Want a free AWS storage audit?
We can identify quick wins and long-term savings in under 48 hours.

Frequently asked questions

What is an AWS storage service and when should I use one?

An AWS storage service is a cloud storage offering (S3, EBS, EFS, Glacier) for objects, blocks, files, or archives choose based on access patterns: S3 for data lakes, EBS for low-latency disks, EFS for shared files, Glacier for long-term archives.

How do I decide between Amazon S3, EBS, EFS, and Glacier?

Match your workload: use EBS for databases/low latency, EFS for multi-instance shared file access, S3 for scalable object storage and analytics, and Glacier for very low-cost, infrequent retrieval archives.

Is Amazon S3 considered an AWS storage service for backups and ML pipelines?

Yes S3 is the primary AWS storage service for backups, data lakes, and ML training data thanks to its scalability, tiering, and wide analytics integrations.

Can I share storage across multiple EC2 instances? Which AWS storage service should I pick?

Use EFS for POSIX-compliant, multi-instance mounts; S3 can be used for shared object access, but EFS is the right choice when you need a traditional shared file system.

Which AWS storage service offers the lowest storage cost for long-term retention?

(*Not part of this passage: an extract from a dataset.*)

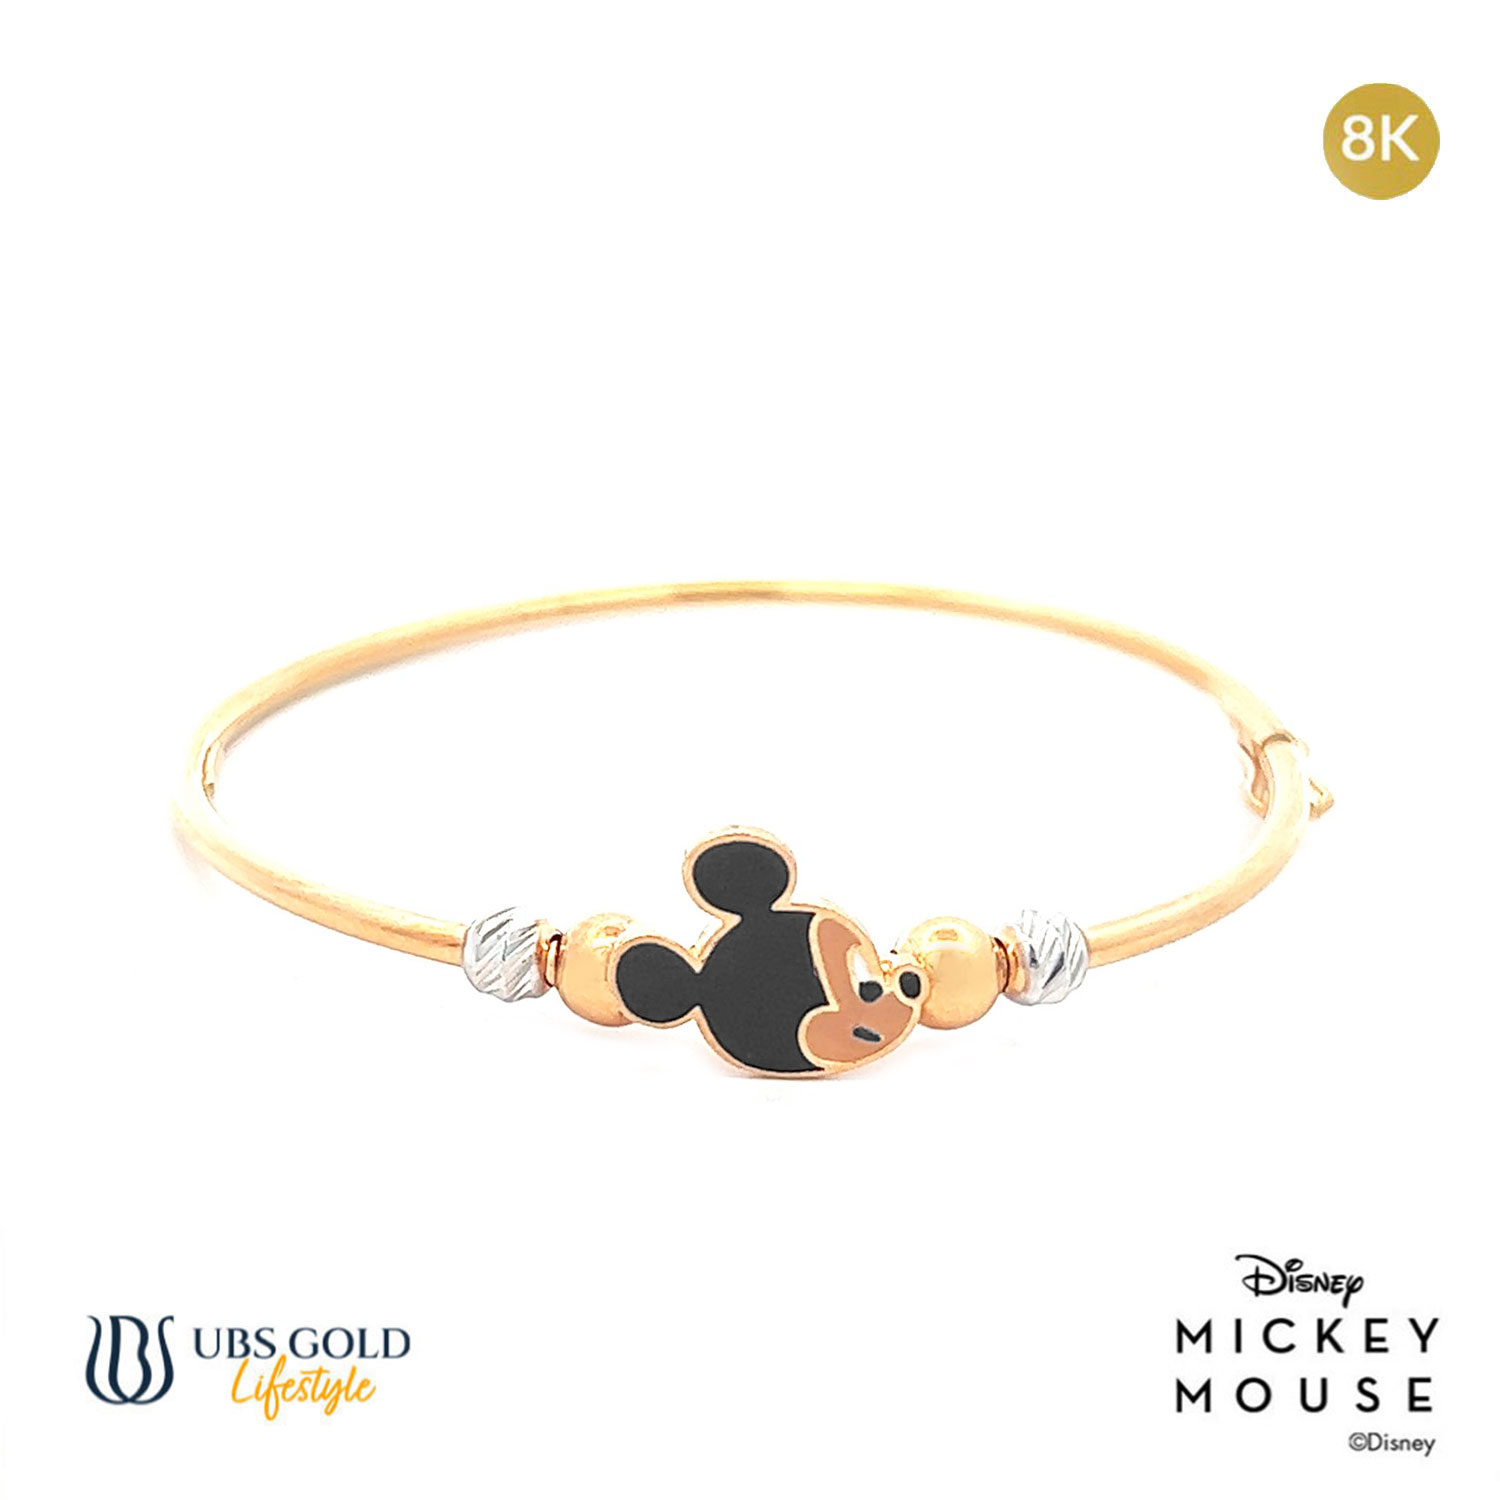 UBS Gold Gelang Emas Bayi Disney Mickey Mouse - Vgy0091K - 8K
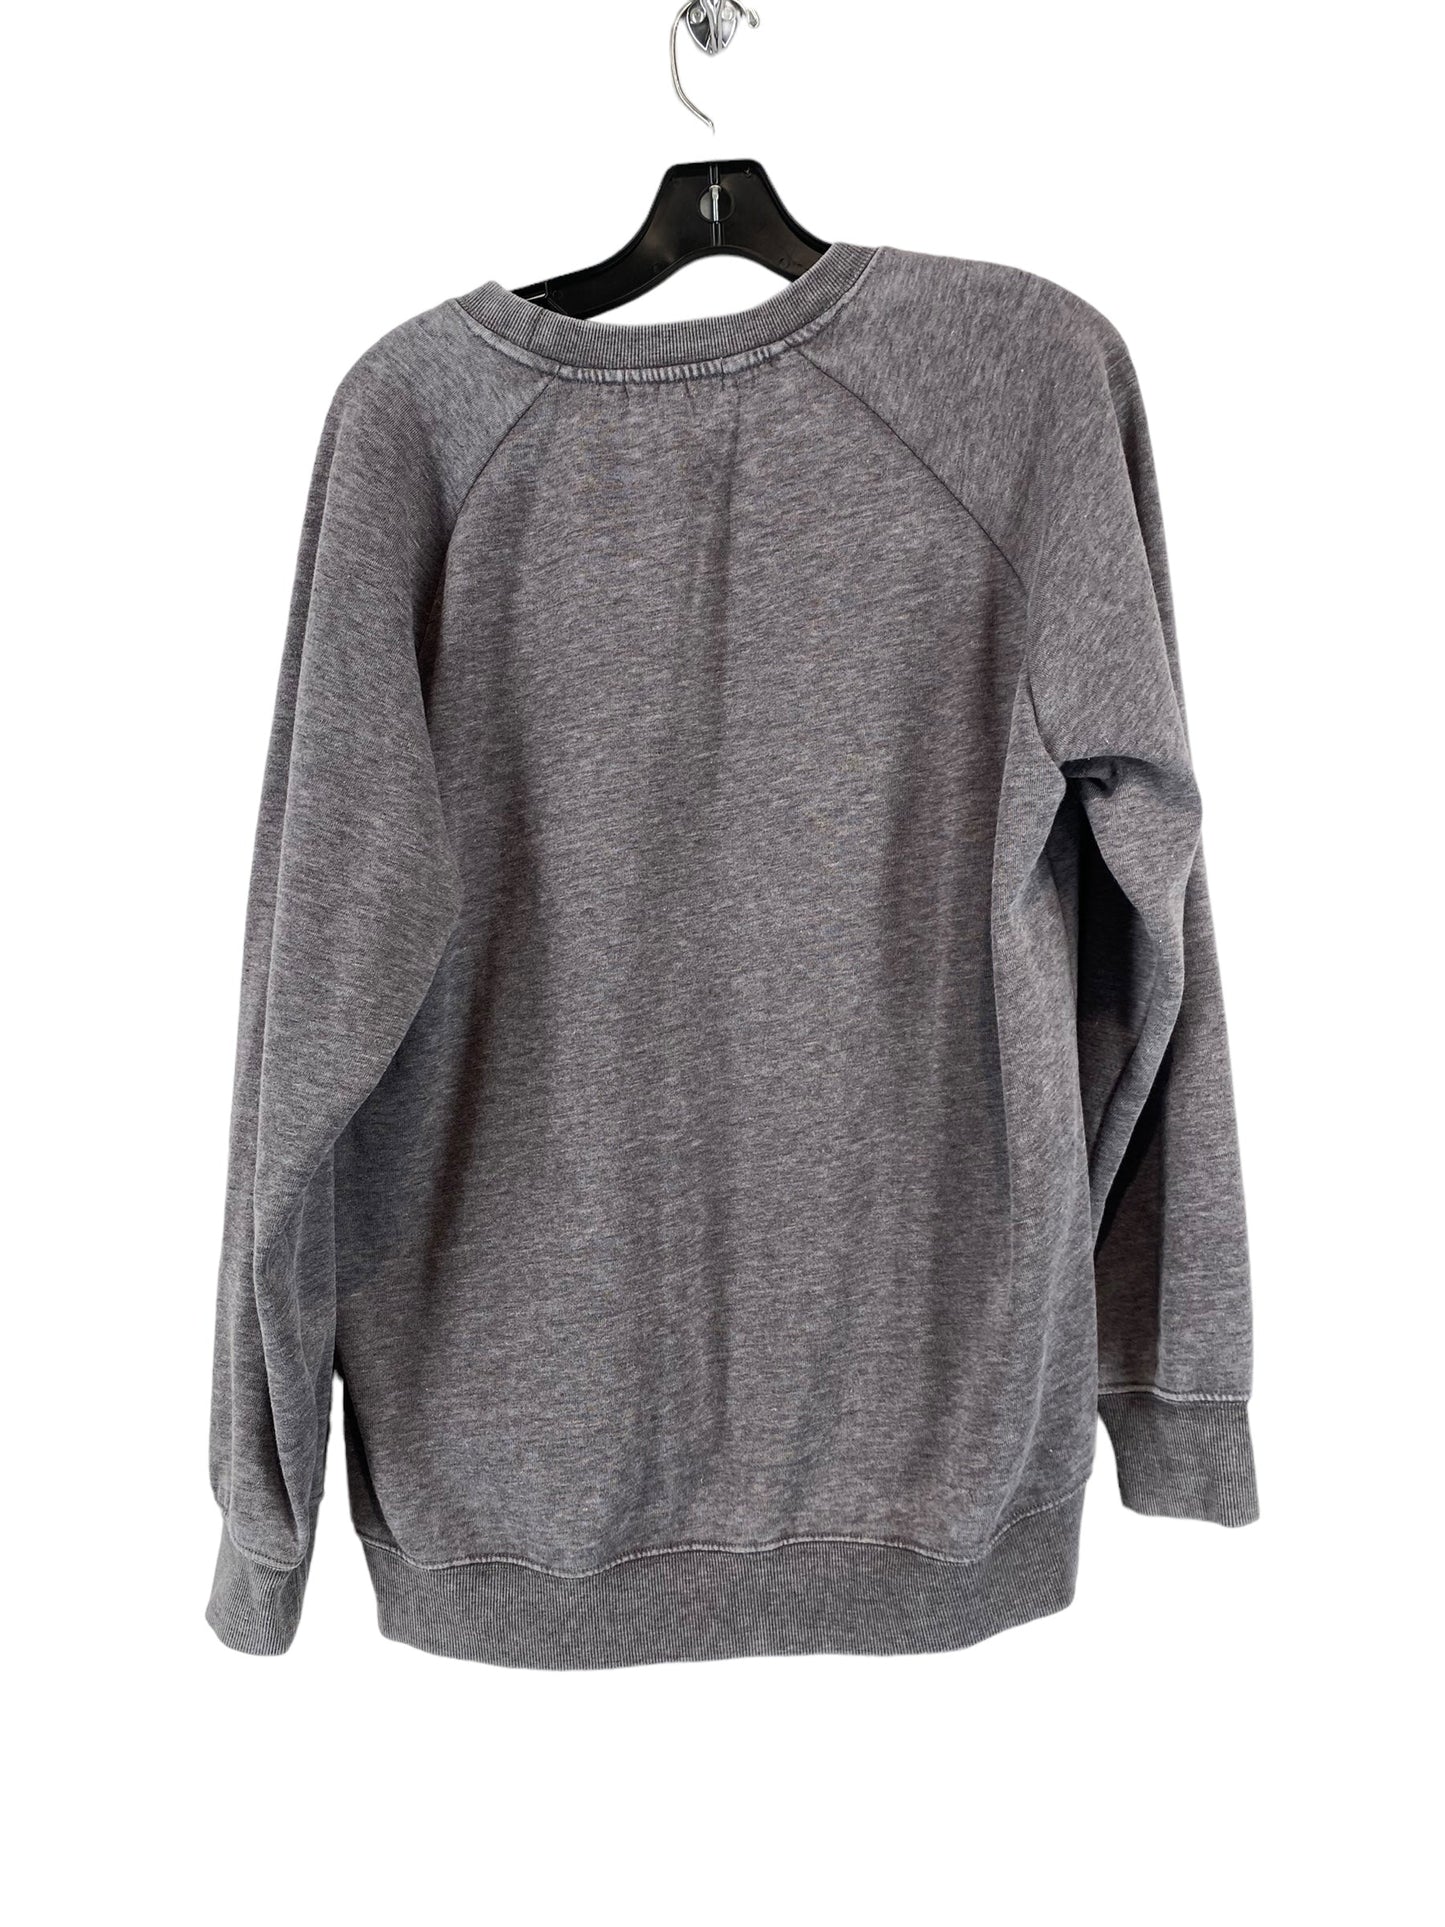 Grey Sweatshirt Crewneck Simply Southern, Size M

Glacier Deep Archive (part of S3 Glacier tiers) is the cheapest AWS storage service for long-term retention best for rarely accessed compliance and archival data.

What are quick cost-saving tips for AWS storage services?

Enable lifecycle rules (S3 → Glacier), switch snapshots to EBS Snapshot Archive, use EFS-IA for cold files, move to gp3 for EBS, and tag resources for FinOps visibility.

 

Can I use more than one AWS storage service in a single architecture?

Absolutely hybrid designs are common: S3 for the data lake, EBS for DB volumes, EFS for shared app state, and Glacier for archival retention.

Which AWS storage service is best for databases and high IOPS?

EBS (gp3 or io2 / io2 Block Express) is the recommended AWS storage service for databases and workloads needing predictable, high IOPS and low latency.

How does data durability and availability compare across AWS storage service

S3 and Glacier provide 11-nines durability for objects; EBS offers high durability within an AZ (snapshot to S3 for cross-AZ durability); EFS is multi-AZ and built for availability across instances.

How do I ensure compliance and security when using AWS storage services?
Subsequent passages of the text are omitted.